"I don't like it when people say unkind things about Iquique. It makes me angry. Iquique is my home!" My daughter's fifteen-year old emotions were riding high as she said these words. I smiled inwardly thinking how much she sounded like me at her age. On the heels of her heated statement, she added one burning question. "Mom, where do you call home?"
Ask any missionary or missionary kid and they will tell you, that is the million dollar question. It is one I heard all my life growing up (especially on furloughs!) Nonetheless, it is a question that has returned to my mind of late. Recent conversations with missionary moms in different stages of life have supplied me with poignant thoughts on the subject. But in answer to my daughter's question, I simply replied, "When I was your age, I would have said Santiago. That was my home when I was growing up. But now, home is wherever my family is - where Daddy and you kids are. That is my home."
Even as I spoke I was keenly aware that this answer might suffice for now, but in just a few brief years will taste bitter on my tongue. This daughter of mine starts high school next month. Next year, we head stateside for our second furlough and after that - only two and half years until college. She and her sister are just a year apart in school, so "en un dos por tres" (as they say in Chile, or similarly "in the blink of an eye") they will be leaving "home." My kids will no longer all be wherever Daddy and I are. So then where will home be?

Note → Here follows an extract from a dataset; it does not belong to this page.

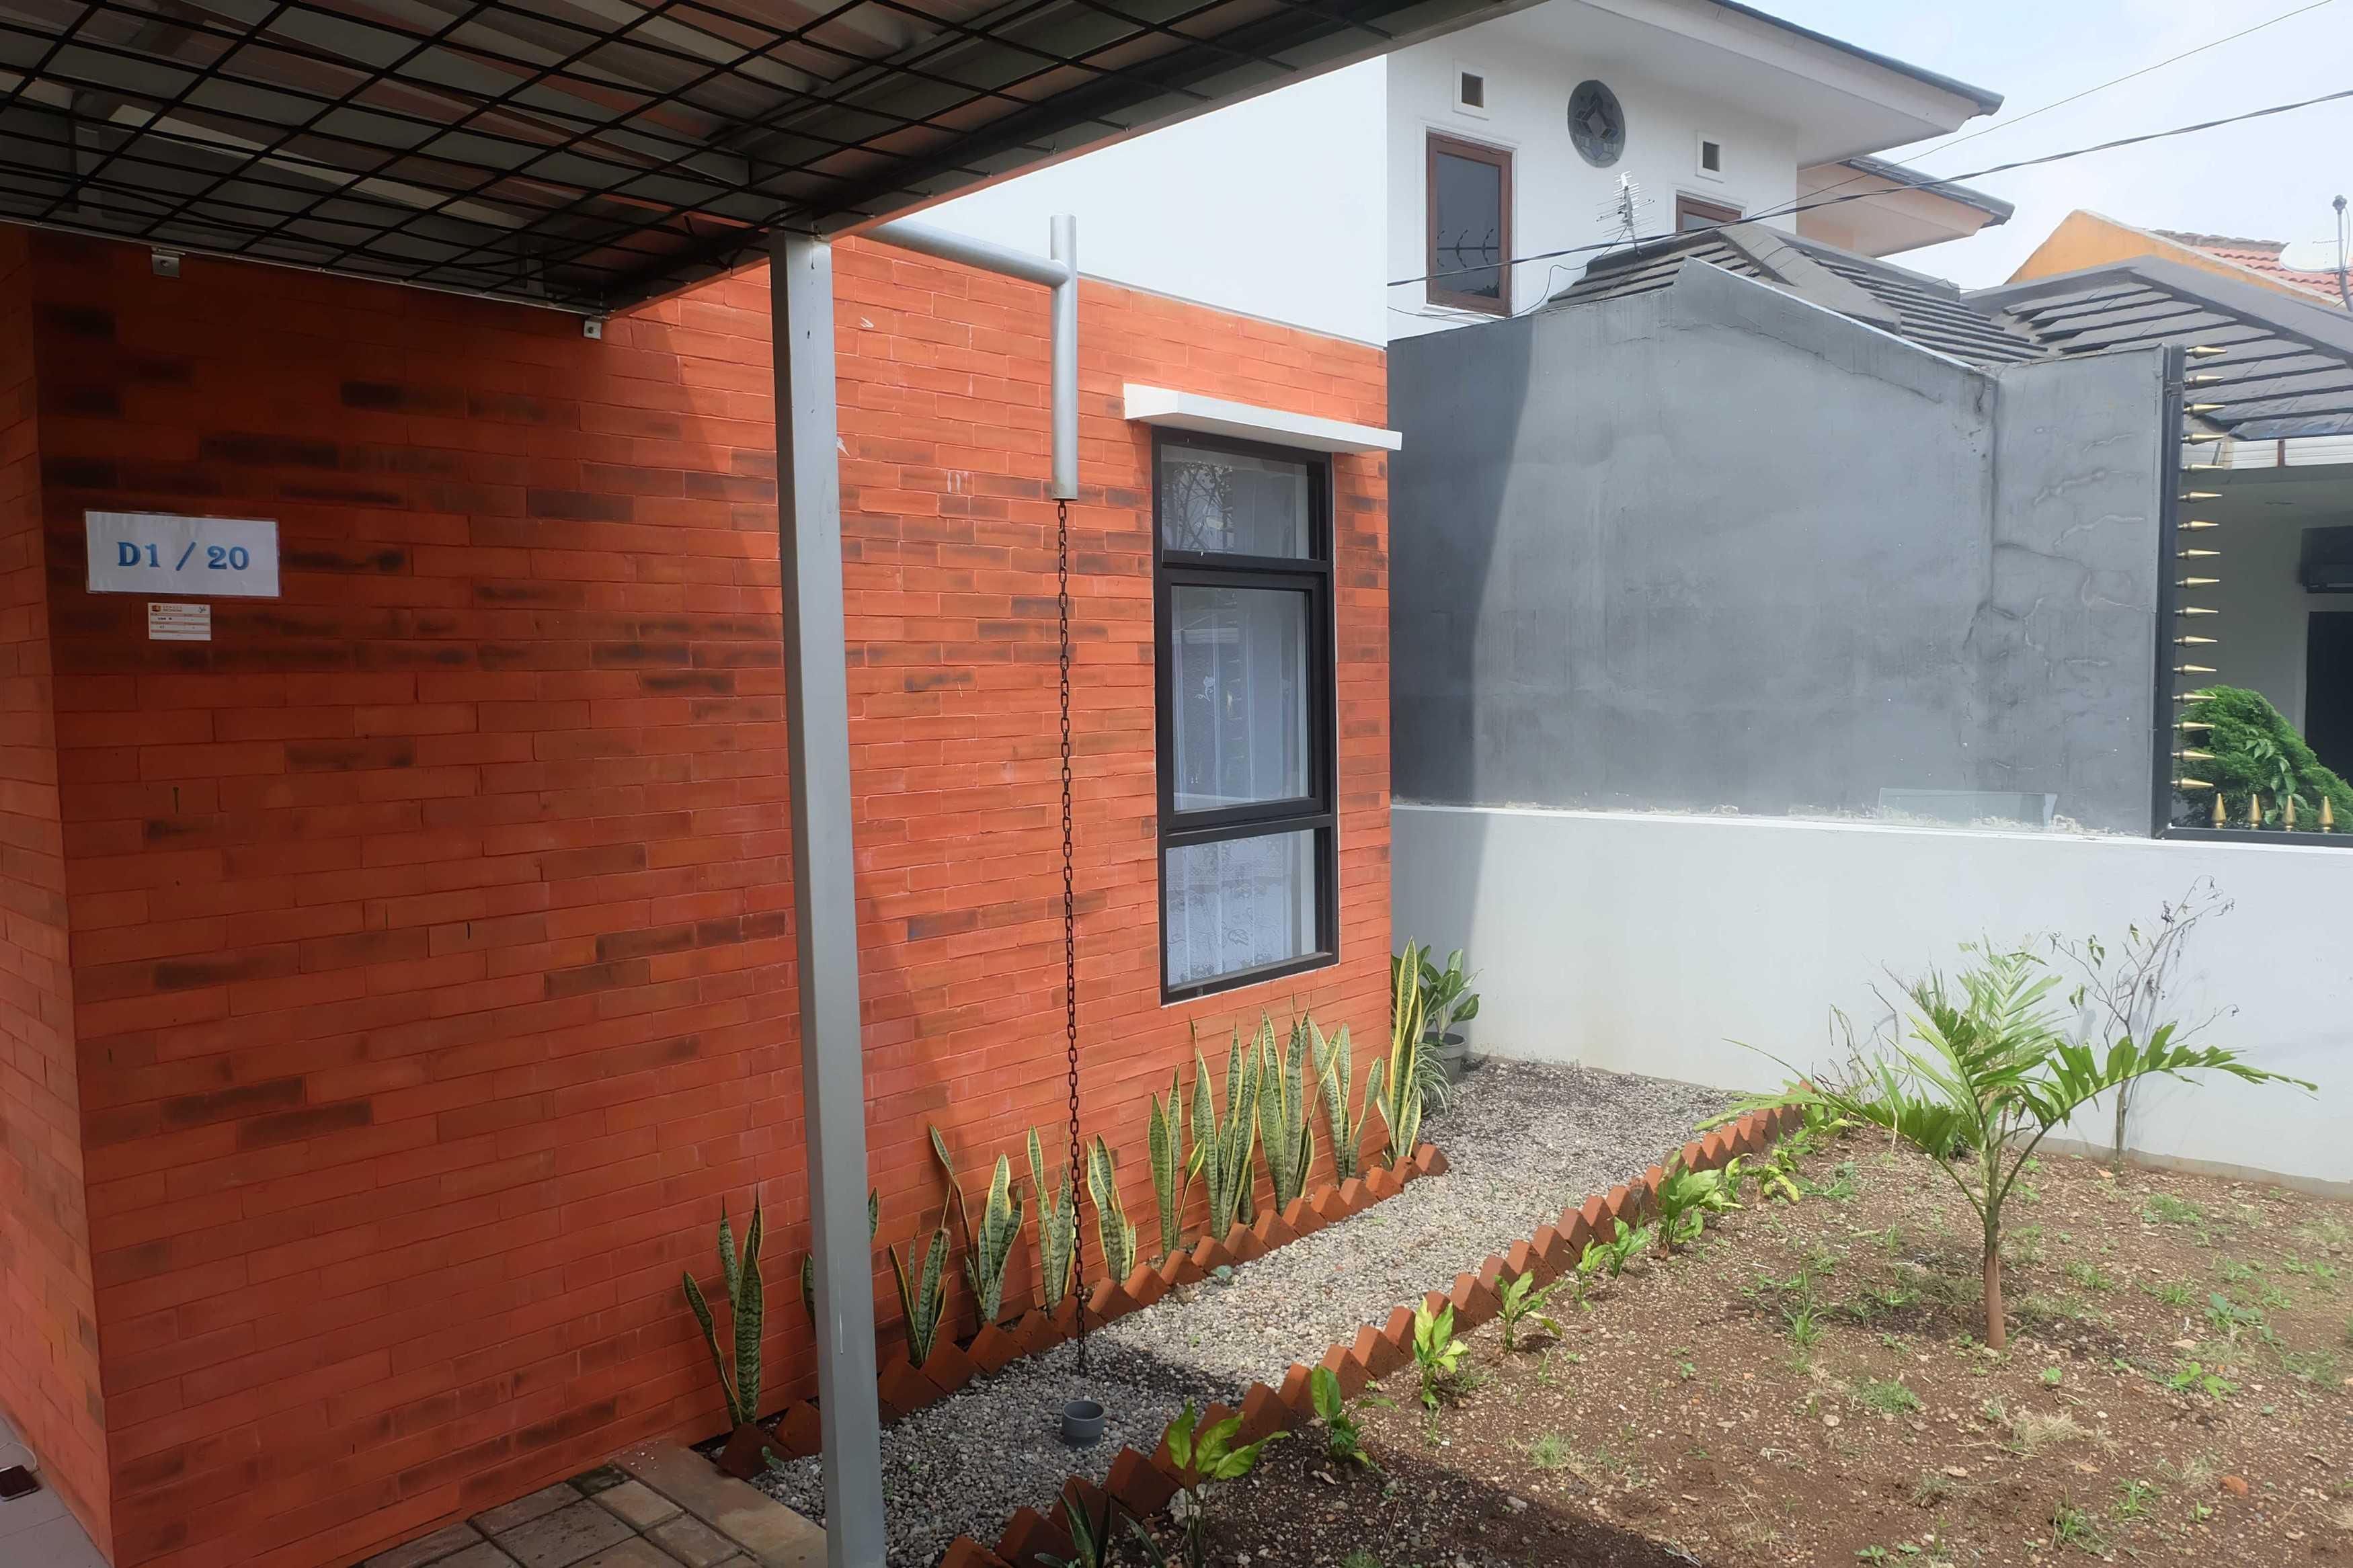 Aaksen Responsible Aarchitecture Rumah Pulang Cimahi, Jawa Barat Cimahi, Jawa Barat Dscf5809   47681

Our mission's regional conference early this month brought together missionaries from throughout Spanish-speaking South America. It was unscheduled, but one afternoon a prayer time for missionary moms was organized. We prayed for our children, many with tears. At least half the group had already let their children go, and as a parent looking towards that transition my heart was pricked with a premature sense of loss. It was only recently that I heard from my mom what my own parents went through when they delivered me to college and returned to the mission field as "empty nesters." My strong and stoic dad left my college campus and made it only a short ways down the road before having to pull off, pounding the steering wheel and crying, "I hate this!" At the time I never knew.
It is when these thoughts begin to swirl that I am reminded of two things. First, that I am not to be anxious about tomorrow (Matthew 6:34) because it is in God's hands. And second, that nowhere in this world is truly my home. As the writer exhorts in Hebrews 13:14, "For here we have no lasting city, but we seek the city that is to come." How thankful I am for the hope of a Heavenly home!
There will be no goodbyes there. No furloughs or farewells. Everyone I love who has placed his or her faith in Jesus Christ will be with me, forever. What a challenge to continue loving Him and encouraging my loved ones to do the same! Because someday we will all be for always, without question or confusion, truly "Home."